Espero que la comunidad pueda ayudarme en esta ocasión   :Very Happy:   y de antemano gracias por la ayuda, con estos modulos tan curiosos en su ejecución, el sistema esta recien instalado (me fue tan bien instalando gentoo en mi laptop que no me aguante instalarlo en mi equipo de escritorio   :Laughing:  ).

----------

## esteban_conde

Hace un tiempo me pasaba algo parecido con una saa7134, te diré lo que hice aunque tu no podras hacerlo igual ya que el kernel no es el mismo:

Para darle parametros al modulo ya que sin ellos no trabaja bien he blacklistado saa7134 poniendo una linea en /etc/modprobe.d/blacklist tal que asi:

blacklist saa7134

esto se hace para evitar que el modulo se autoinstale sin parametros ya que de esa manera no funciona luego se llama el modulo desde el archivo de configuracion, en mi caso todavia /etc/modules.autoload que es un link a /etc/modules.autoload.d/kernel-2.6 (no te rias pero soy un nostalgico) igual que con modprobe simplemente añadiento la linea--> saa7134 card=XX tuner=YY lo cual supongo que tendrás que hacerlo en /etc/conf.d/modules pero no puedo asegurartelo ya que voy unos cuantos pasos detras.

 Posiblemente tengas que instalar el firmware, a mi sin el no me funciona.

 *Quote:*   

> esteban@mimaquina /usr/src/linux/Documentation/dvb $ ls
> 
> 7%5Cdrv_2.11.02.zip  contributors.txt       get_dvb_firmware    ttusb-dec.txt
> 
> avermedia.txt        download.ashx?file=57  opera-firmware.txt  udev.txt
> ...

 Observa que hay un archivo get_dvb_firmware, pues si tuvieras que usarle entra en ese directorio y hazlo ejecutable luego llamale con un simple ./get_dvb_firmware tu_firmware (sustituye tu_firmware por el nombre, en mi caso tda10046lifeview) luego lo copias donde te diga el programa creo recordar /lib/firmware/.

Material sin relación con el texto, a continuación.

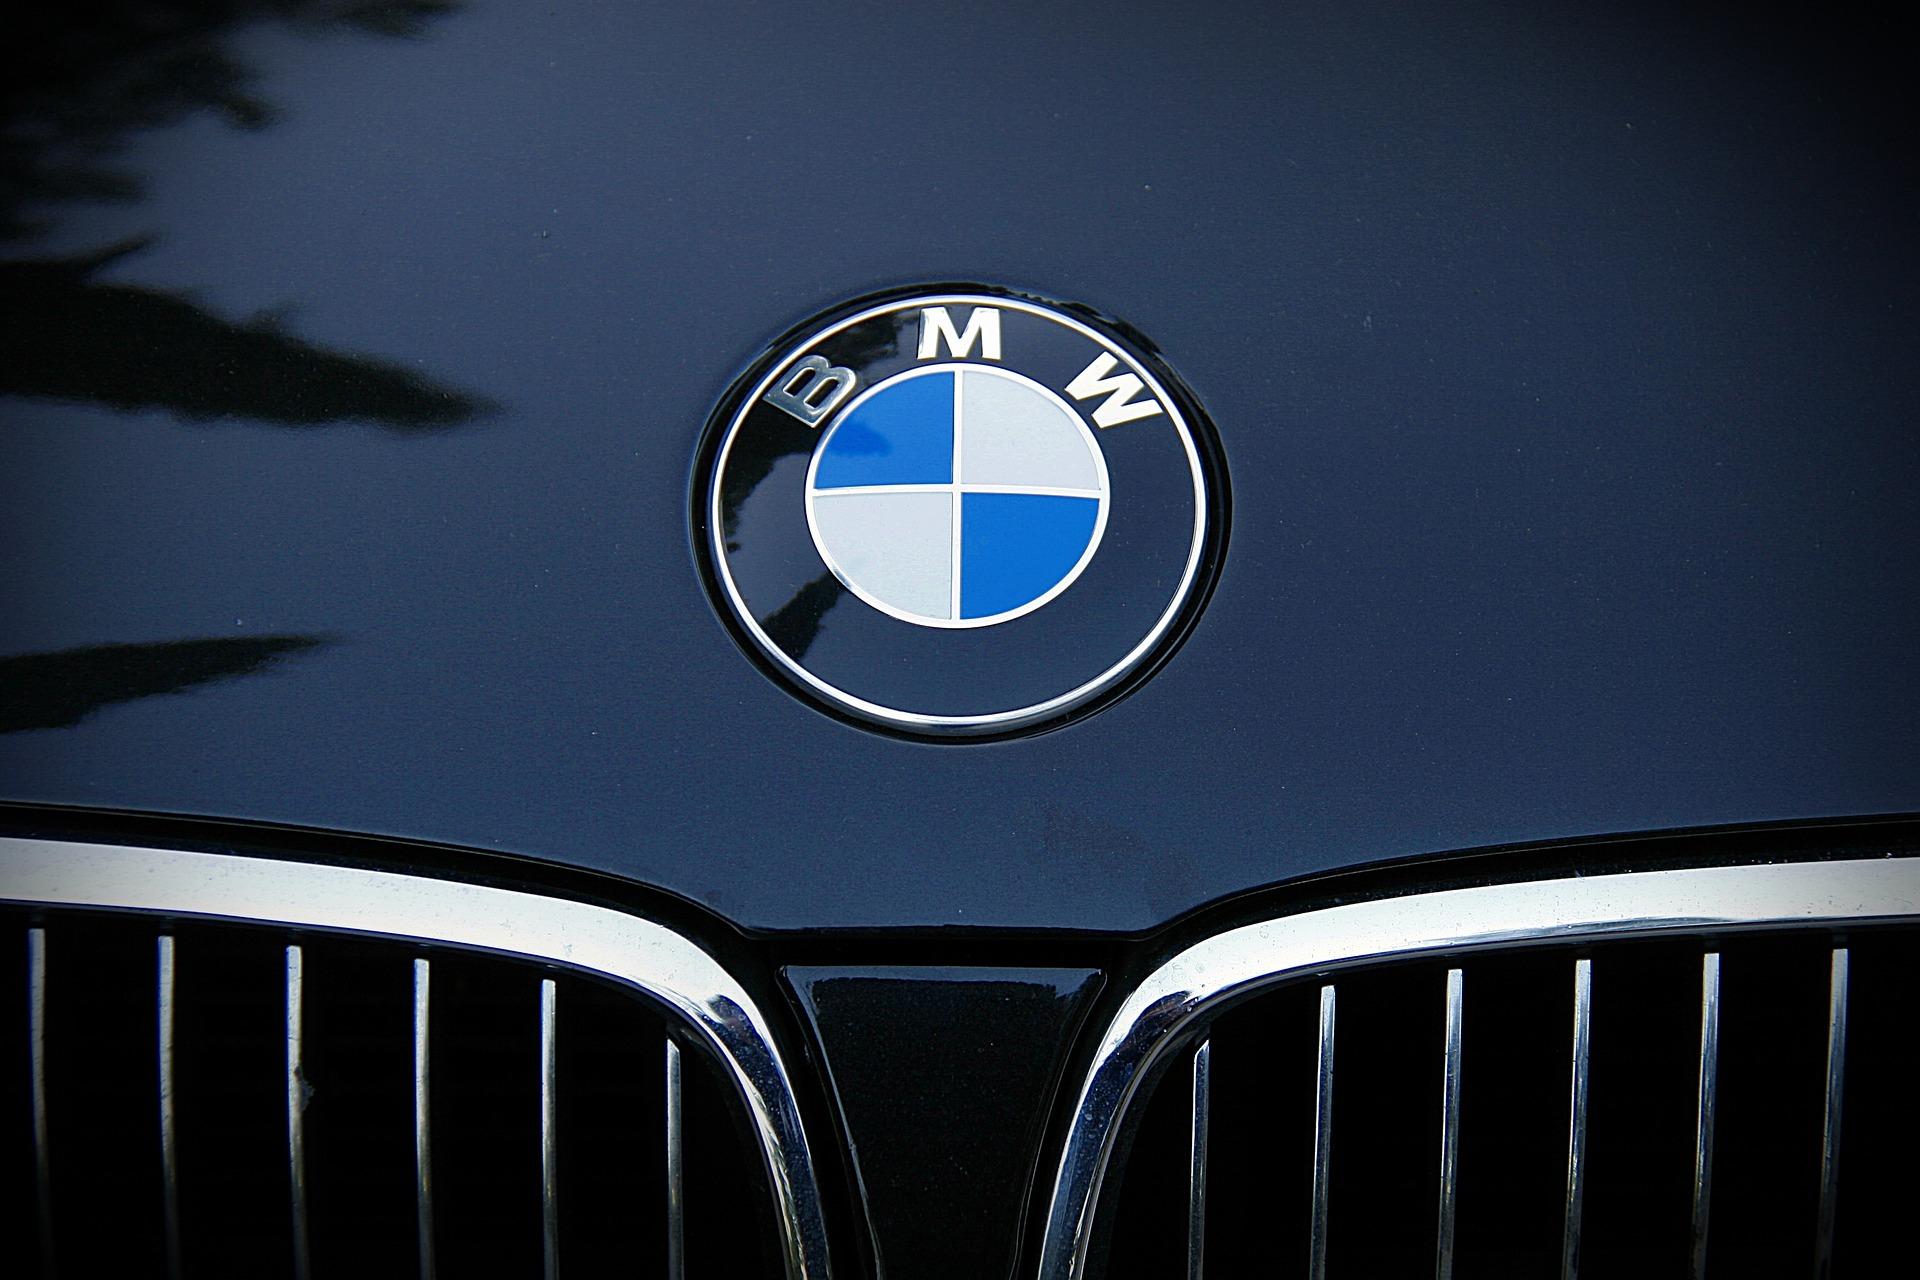 BMW lanzará su programa de recompensas para clientes basado en blockchain

En todo caso si tienes complicaciones leete los archivo que vienen ahí y en /usr/src/linux/Documentation/video4linux para averiguar todo sobre tu tarjeta.

No menos importante es que moviendo los cables de antena a veces se deasajustan y crean contactos no deseados pero no nos pongamos paranoicos.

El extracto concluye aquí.